Jerrys LED Lights are what I use and they're great lights. I think you can find his info on craigs list. He's out of victoria. I built some from smacks post with the lights from oznium and they're ok, but Jerrys will blow them away. Bright enough to use below water or if it's calm you can use them above water as well.


----------



## Fishtrap2

*Flounder lights*

I built several for myself and provided some 2 Coolers with a set of plans a few years ago...here they are again if interested.


----------



## Fishtrap2

*Flounder Light*

They work pretty well and will go for hours on a 12V feeder battery... might even be some stronger LED bulbs out there now.


----------



## bowmansdad

Thanks, Fishtrap! I think I could even build one! Green to you!


----------



## SaltwaterJunkie

fishtrap said:


> I built several for myself and provided some 2 Coolers with a set of plans a few years ago...here they are again if interested.


X2


----------



## Big Guns 1971

what is a 2'' female DWV?


----------



## CoastalOutfitters

i have a couple of propane ones that came from FLa. that screw on a bottle and have 2 exposed mantles inside a ss bowl.
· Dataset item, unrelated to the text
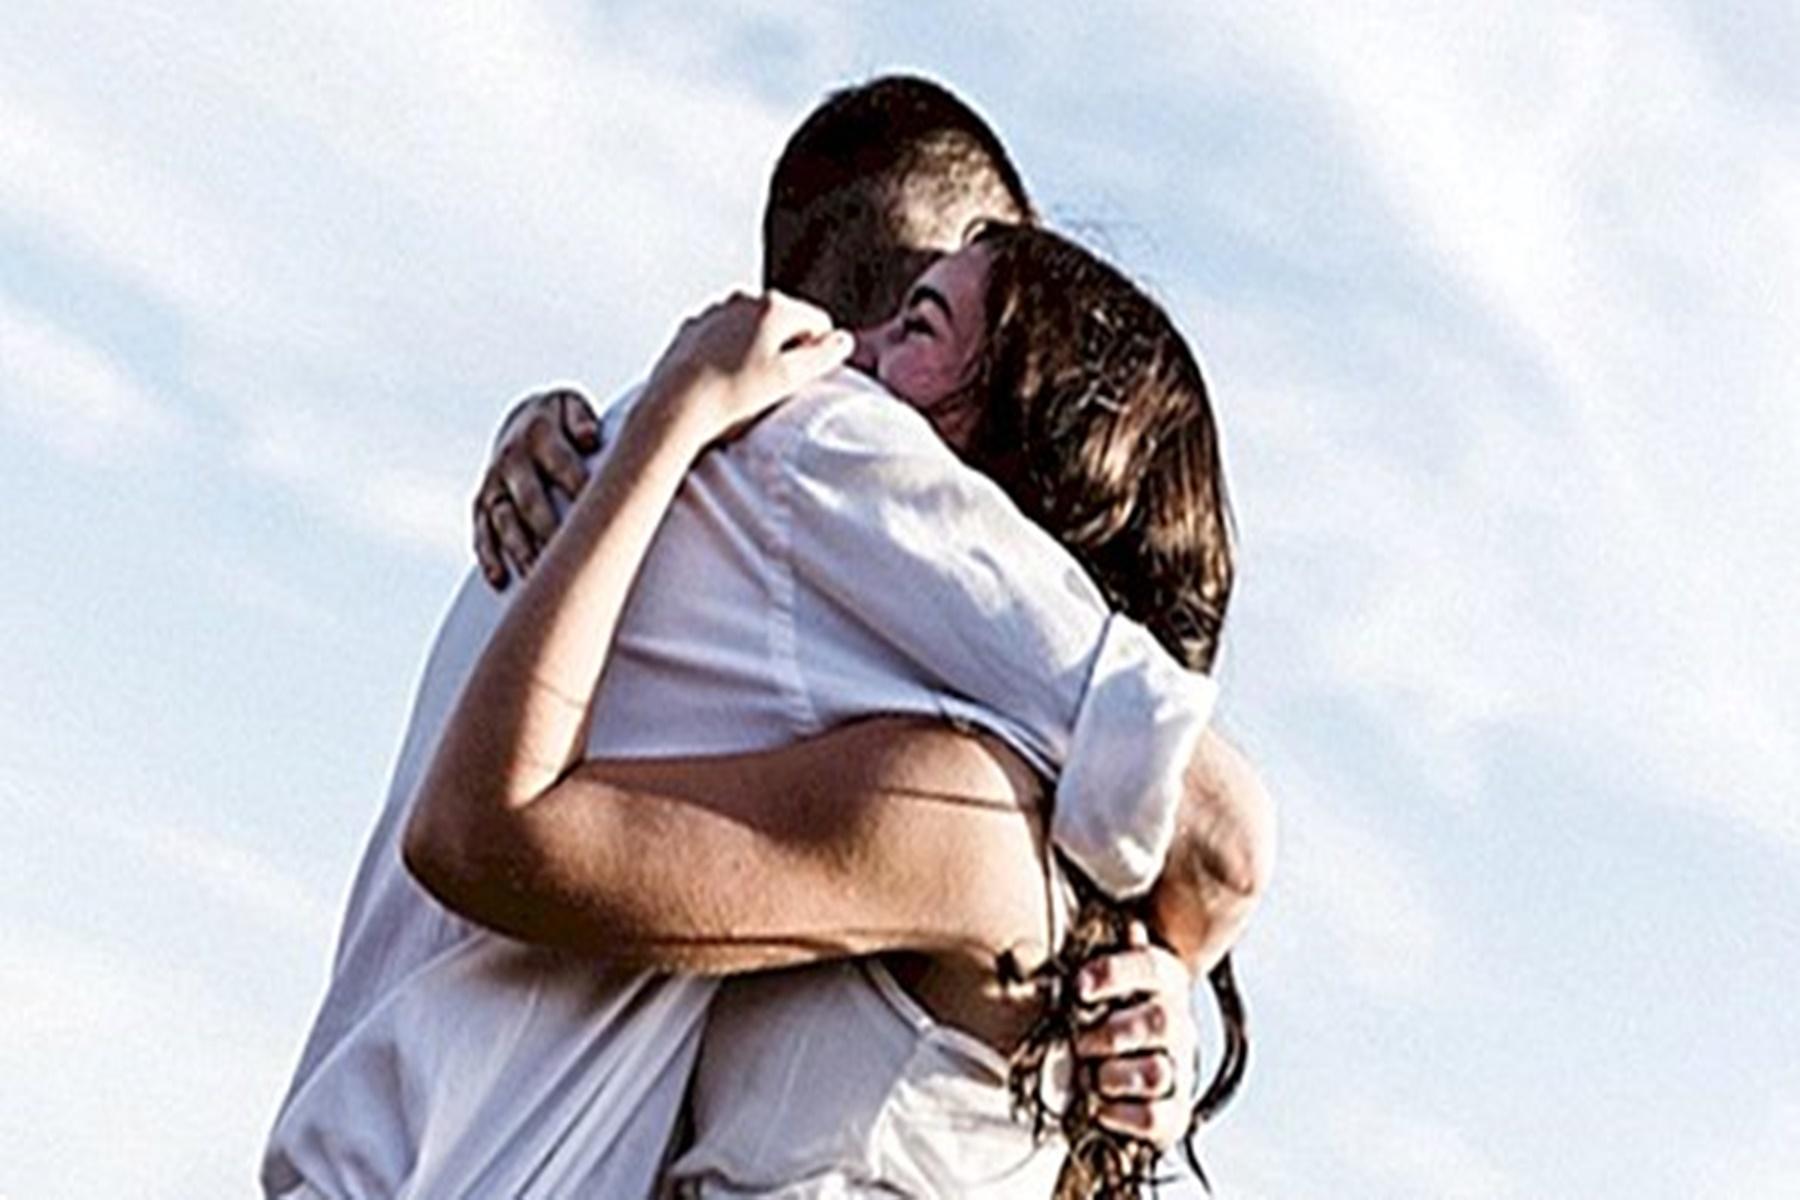 Σεξουαλική επαφή :  Τόσο πρέπει να διαρκεί

very bright and light, good thing about them is you can look around ahead of you and see what's coming up

2 of em on ebay right now


----------



## TopwaterMD

I was old school with the Coleman lantern and shield for years until I found a lightweight PVC rig from Stiffy products. LED technology is very lightweight and runs for up to six hours on 4 AA batteries. And they float which helps if one slips off the boat. Hard to beat this rig!


----------



## tmyfml

my kids use the led head lamps that you can buy at Academy. they are relatively cheap, work on AA batteries and give off good light.


----------